Important Setup Notes:
- Do not pull the pendulum bob back past the "U" shape support frame. The bob will hit the frame when platform is rotated
- This is an old Museum Exhibit, which may return to the museum for time to time.
Demonstration:
- If a pendulum is suspended so that it may swing freely, it will maintain a constant plane of oscillation, relative to an inertial frame of reference. This is the result of the force which act on a pendulum. These forces act in the direction of the path of the pendulum and along the string. There is no force acting perpendicularly to the path of the pendulum.

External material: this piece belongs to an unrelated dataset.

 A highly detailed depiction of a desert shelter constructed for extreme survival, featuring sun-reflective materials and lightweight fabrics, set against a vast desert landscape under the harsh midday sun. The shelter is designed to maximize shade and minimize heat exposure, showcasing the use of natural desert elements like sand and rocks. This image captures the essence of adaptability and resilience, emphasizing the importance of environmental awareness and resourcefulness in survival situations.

If a pendulum were suspended at the north pole of the earth, it would continue to oscillate, unperturbed, in it's original plane of motion, while the earth revolved beneath it, making one revolution in twenty-four hours. To an observer on the earth at the north pole, who is unconscious of the earth's rotation, it will appear the the pendulum's plane of motion is constantly changing, completing 360 degrees of rotation in twenty-four hours. This horizontal rotation will appear to be in the opposite direction of the earth's rotation, that is, in the clockwise direction. At the equator, no such rotation takes place. At a point between the pole and the equator, the period of this rotation varies between twenty-four hours and infinity, depending on the latitude. In Madison the period is 35 hours, 8 minutes, 8 seconds. In 1852, Leon Foucault suspended a pendulum from the dome of the Pantheon in Paris. This pendulum, now known as the Foucault Pendulum, showed the apparent rotation of a pendulum's plane of oscillation.